In this discussion section, we will use VS Code to log into the ecelinux servers. VS Code provides a nice GUI for navigating the directory hierarchy on ecelinux, syntax highlighting for C/C++ programs, the ability to open many files across multiple tabs, and an integrated terminal for running shell commands.

Note, if you have already installed VS Code on your laptop, then you should feel free to use your laptop for this discussion section. However, if you have not already installed VS Code on your laptop and verified it works, then please use the workstations in 225 Upson or find a partner. We do not have time to help you setup VS Code on your own laptop in this discussion section.

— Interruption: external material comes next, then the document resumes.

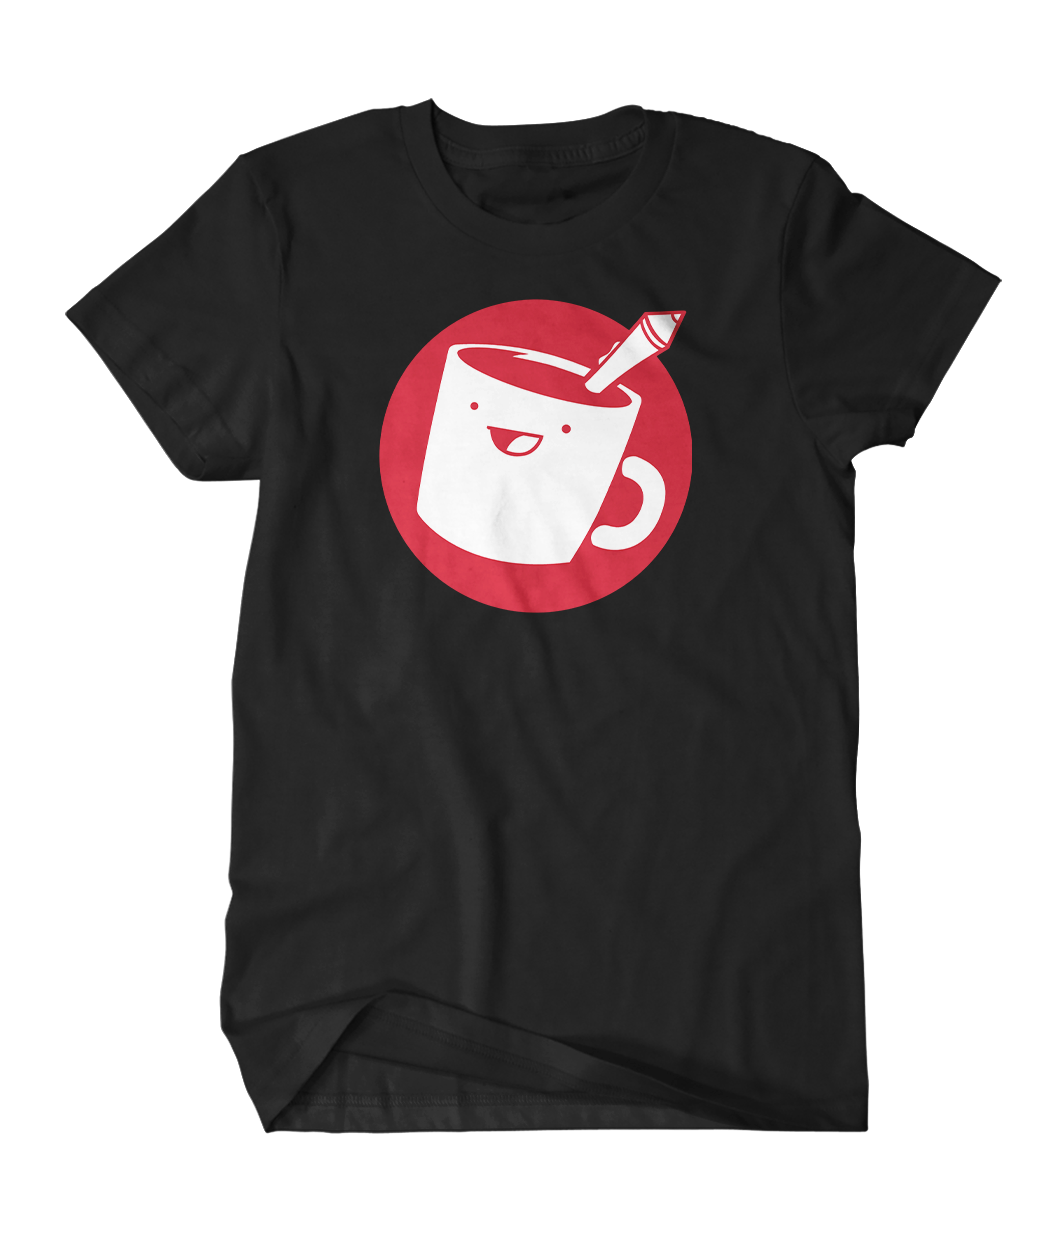 A black t-shirt with the red and white Drawfee logo of a mug with a pencil coming out of it. 
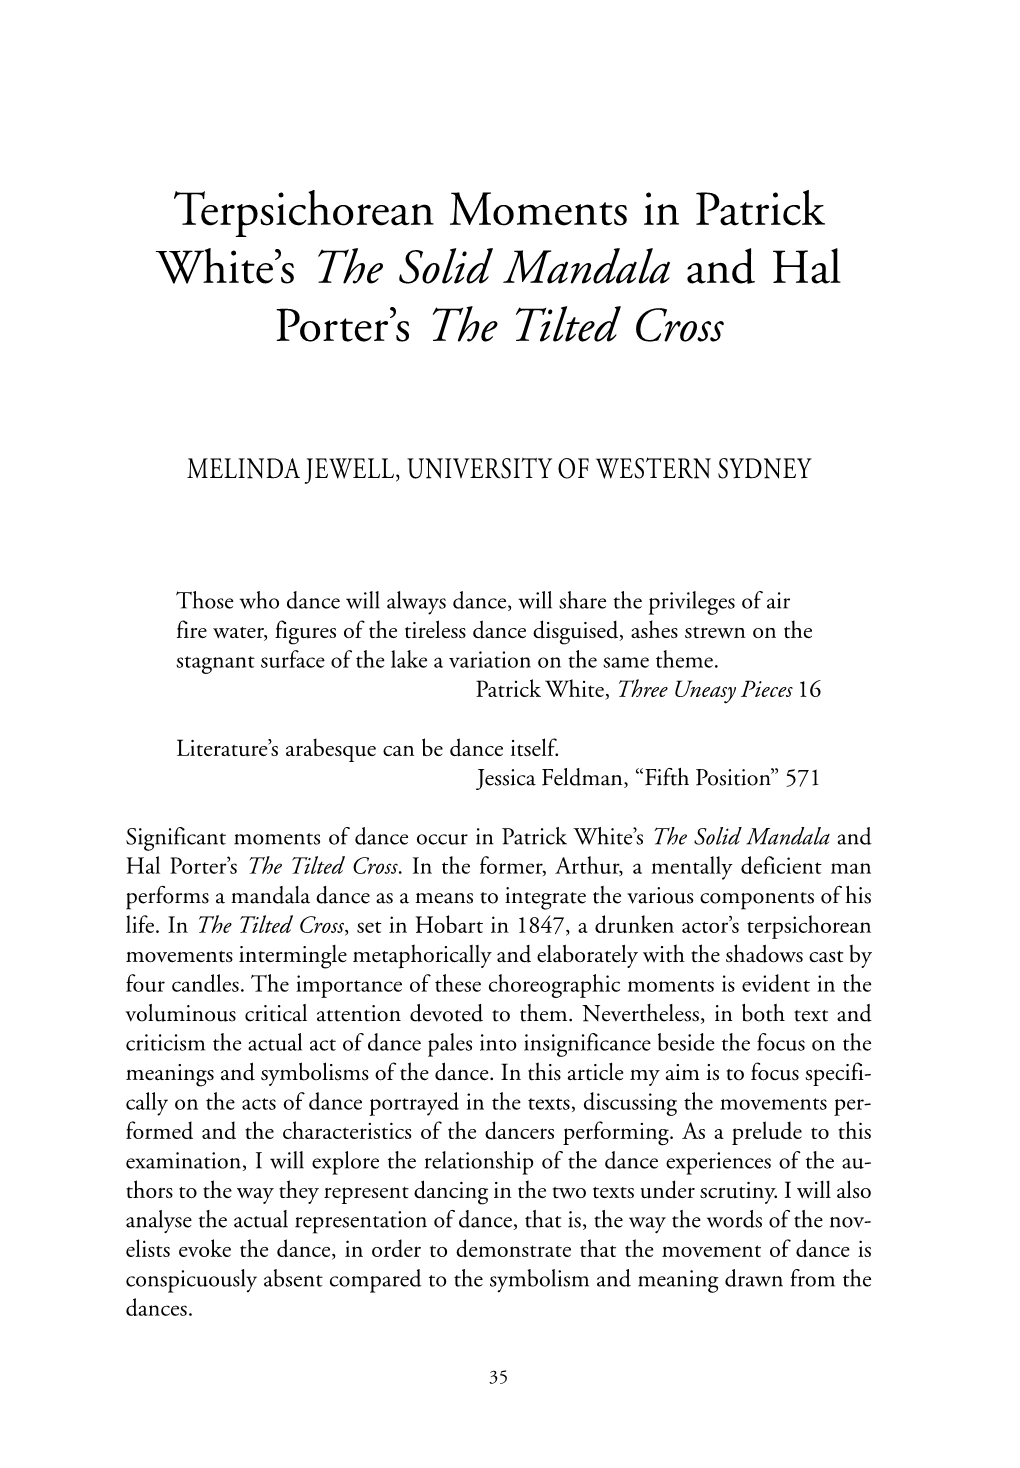 Terpsichorean Moments in Patrick White's the Solid Mandala and Hal Porter's the Tilted Cross

For a full tutorial on using VS Code with ecelinux, follow this tutorial.

2. Before You Begin

The GitHub repo provides a quick checklist you should follow to download and setup the starter code:

  • Be able to connect to ECELinux with VS Code (see tutorial)
  • Set up ssh with GitHub (we did this in last week's discussion section)
  • git clone git@github.com:cornell-ece2400/ece2400-sec02-2025.git ece2400-sec02 this repo to ecelinux
  • OPTIONAL BUT RECOMMENDED: Install clangd extension on the remote host
  • Open the repo with VS Code on ecelinux, by clicking File > Open Folder. Choose ece2400-sec02

3. Compiling and Running a Single-File C Program

We will begin by writing a single-file C program to calculate the average of two integers similar to what we have studied in lecture. We have provided you with a template in the avg-main.c file. Edit the avg-main.c file to include an appropriate implementation of the avg function.

#include <stdio.h>

int avg(int x, int y) {
  int sum = x + y;
  return sum / 2;
}

int main() {
  int a = 10;
  int b = 20;
  int c = avg(a, b);
  printf("average of %d and %d is %d\n", a, b, c);
  return 0;
}

We use a compiler to translate the C source code into an executable binary (i.e., the actual sequence of bits) that the machine can understand. In this discussion we will be using the GNU C compiler (gcc), but you could use clang too. Let's go ahead and give this a try:

$ pwd # Should be ece2400-sec02
$ gcc -Wall -o avg-main src/avg-main.c

The gcc command takes as input the C source file to compile and the command line option -o is used to specify the output exectutable binary (i.e., the file with the machine instructions). We also use the -Wall command line option to report all warnings. After running the gcc command you should see a new avg-main file in the directory. We can execute this binary by simply calling it as any other Linux command.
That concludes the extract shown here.